From: Gregory Stark <stark(at)enterprisedb(dot)com>
To: "Heikki Linnakangas" <heikki(at)enterprisedb(dot)com>
Cc: "Tom Lane" <tgl(at)sss(dot)pgh(dot)pa(dot)us>, "Gregory Stark" <gsstark(at)mit(dot)edu>, "Bruce Momjian" <bruce(at)momjian(dot)us>, "PostgreSQL-development" <pgsql-hackers(at)postgresql(dot)org>
Subject: Re: Variable length varlena headers redux
Date: 2007-02-13 14:41:48
Message-ID: 87fy9a86hf.fsf@stark.xeocode.com
Views: Raw Message | Whole Thread | Download mbox | Resend email
Thread:
Lists: pgsql-hackers

"Heikki Linnakangas" <heikki(at)enterprisedb(dot)com> writes:

>> Actually I think neither htonl nor bitshifting the entire 4-byte word is going
>> to really work here.
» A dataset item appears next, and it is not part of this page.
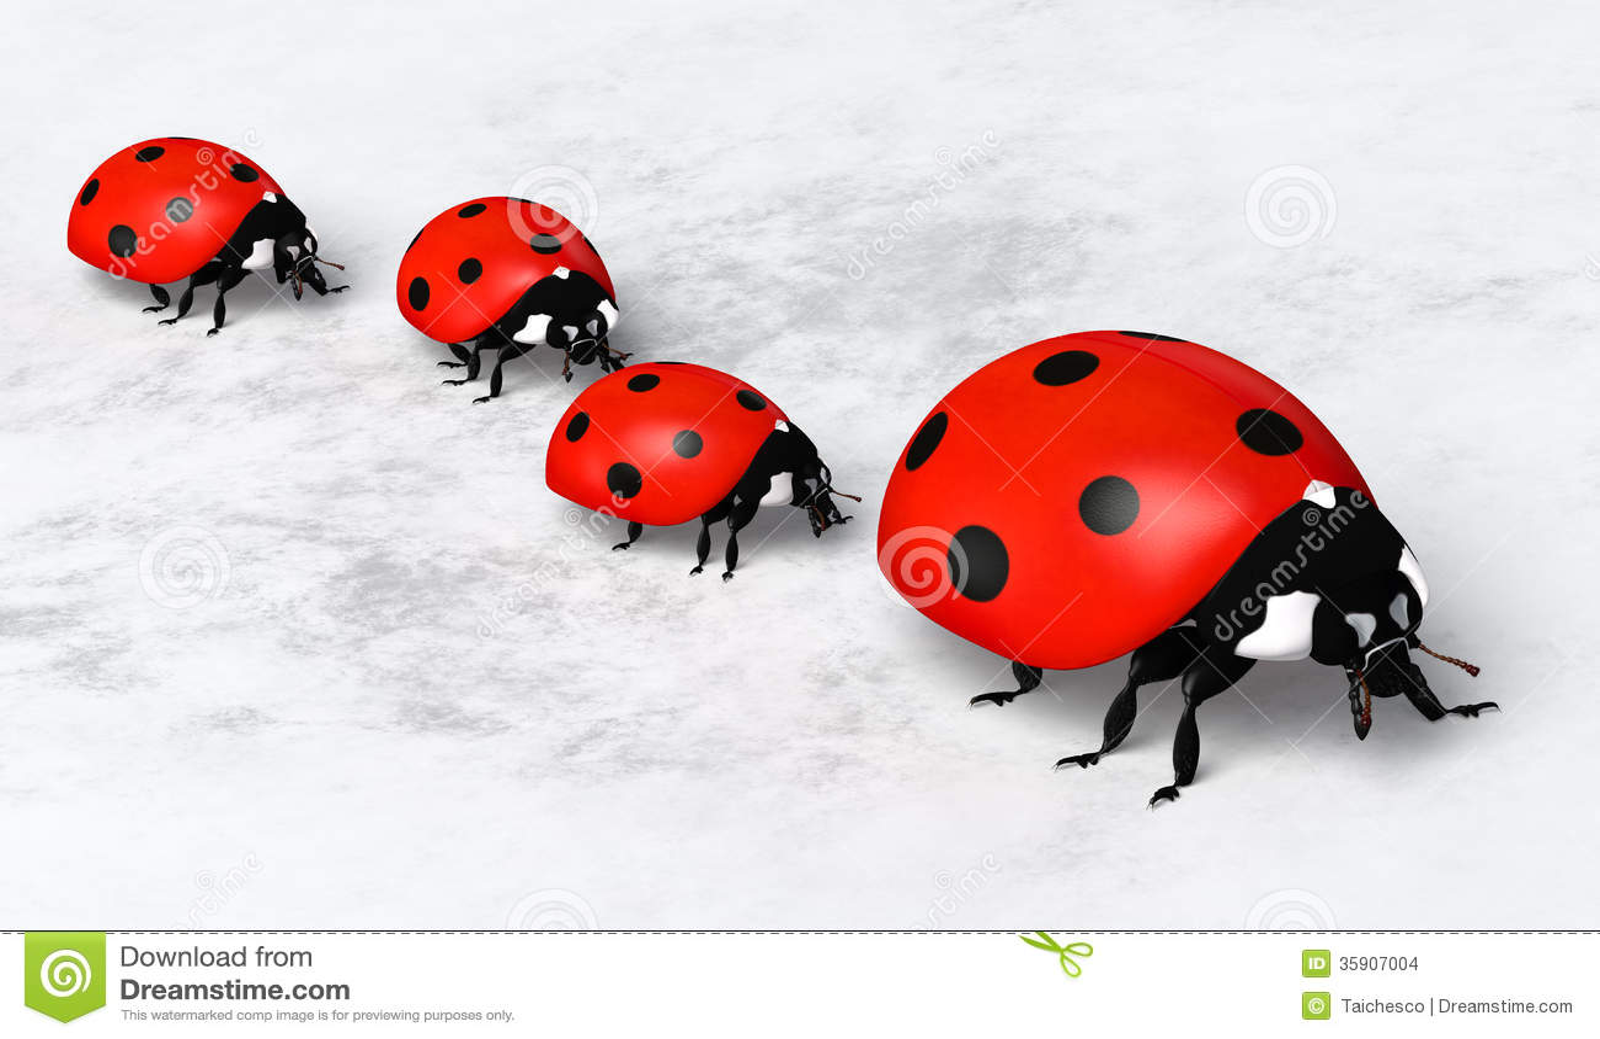 The ladybirds the wild wild world of jayne mansfield 2
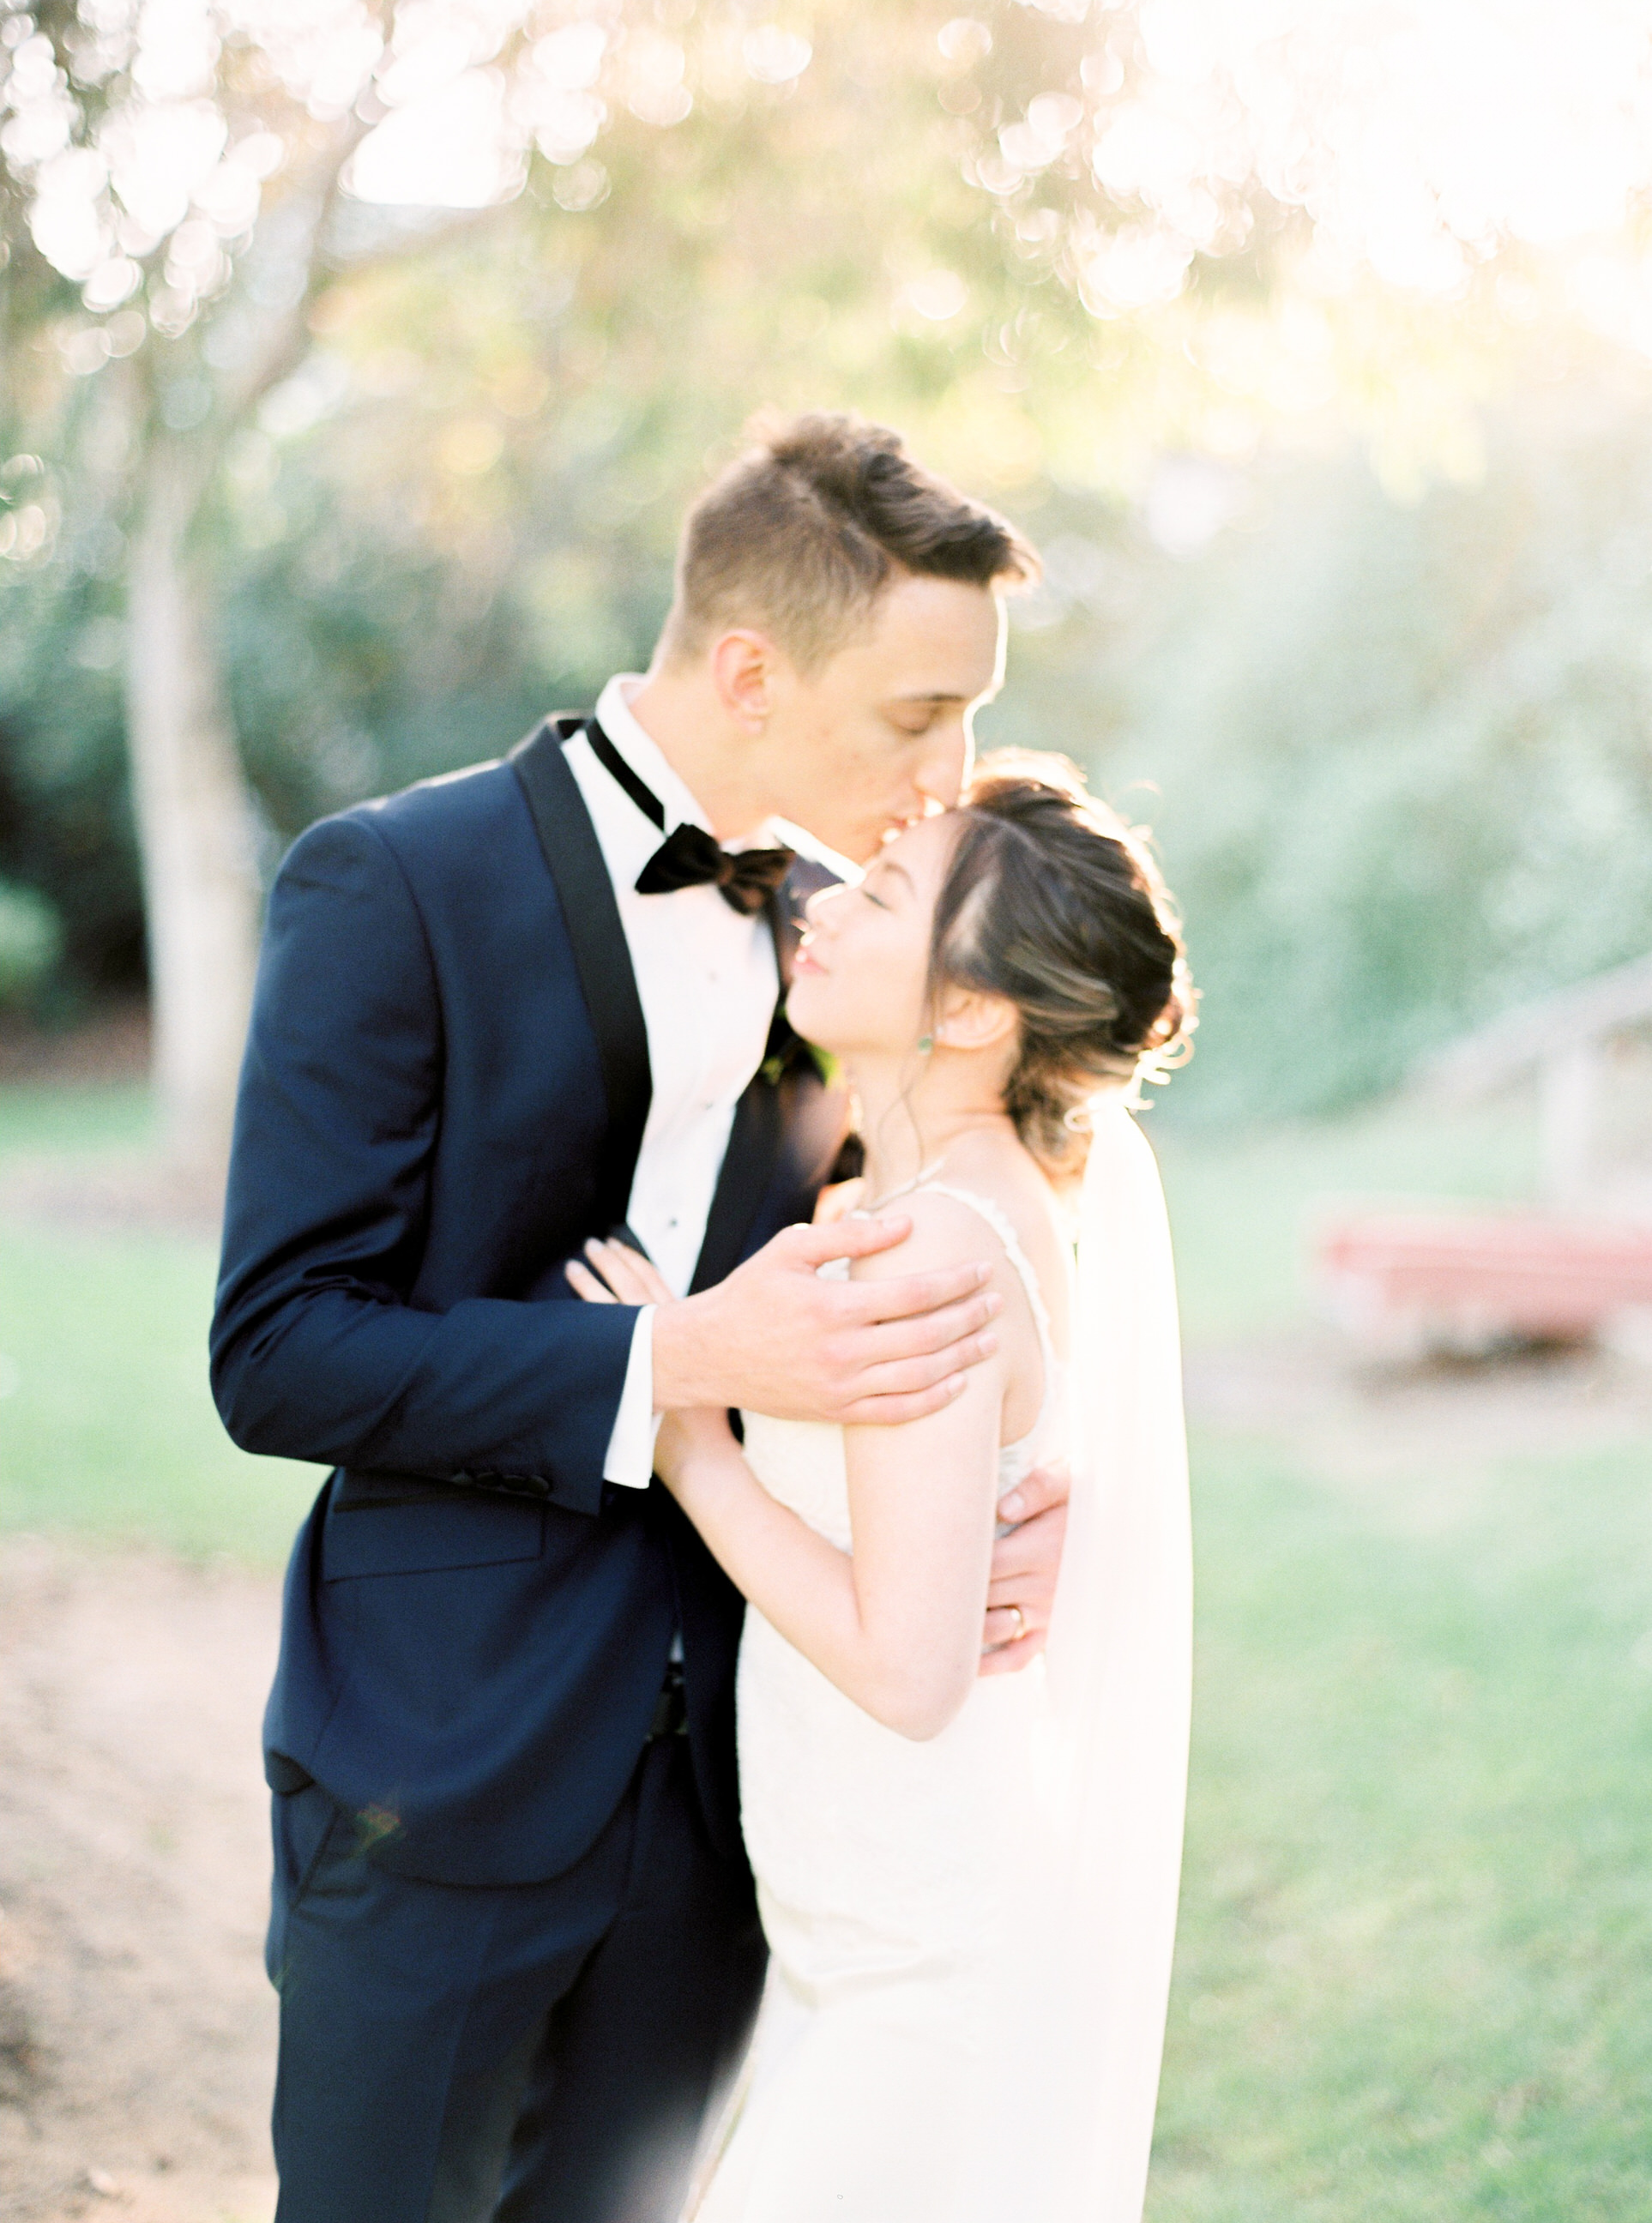 film wedding photography perth

Both will require 4-byte alignment. Instead I think we
>> have to access the length byte by byte as a (char*) and do arithmetic. Since
>> it's the pointer being passed to VARSIZE that isn't too hard, but it might
>> perform poorly.
>
> We would still require all datums with a 4-byte header to be 4-byte aligned,
> right? When reading, you would first check if it's a compressed or uncompressed
> header. If compressed, read the 1 byte header, if uncompressed, read the 4-byte
> header and do htonl or bitshifting. No need to do htonl or bitshifting on
> unaligned datums.

It's not easy to require datums with 4-byte headers to be 4-byte aligned. How
do you know where to look for the bits to show it's an uncompressed header if
you don't know where it's aligned yet?

It could be done if you rule that if you're on an unaligned byte and see a \0
then scan forward until the aligned byte. But that seems just as cpu expensive
as just doing the arithmetic. And wastes space to boot.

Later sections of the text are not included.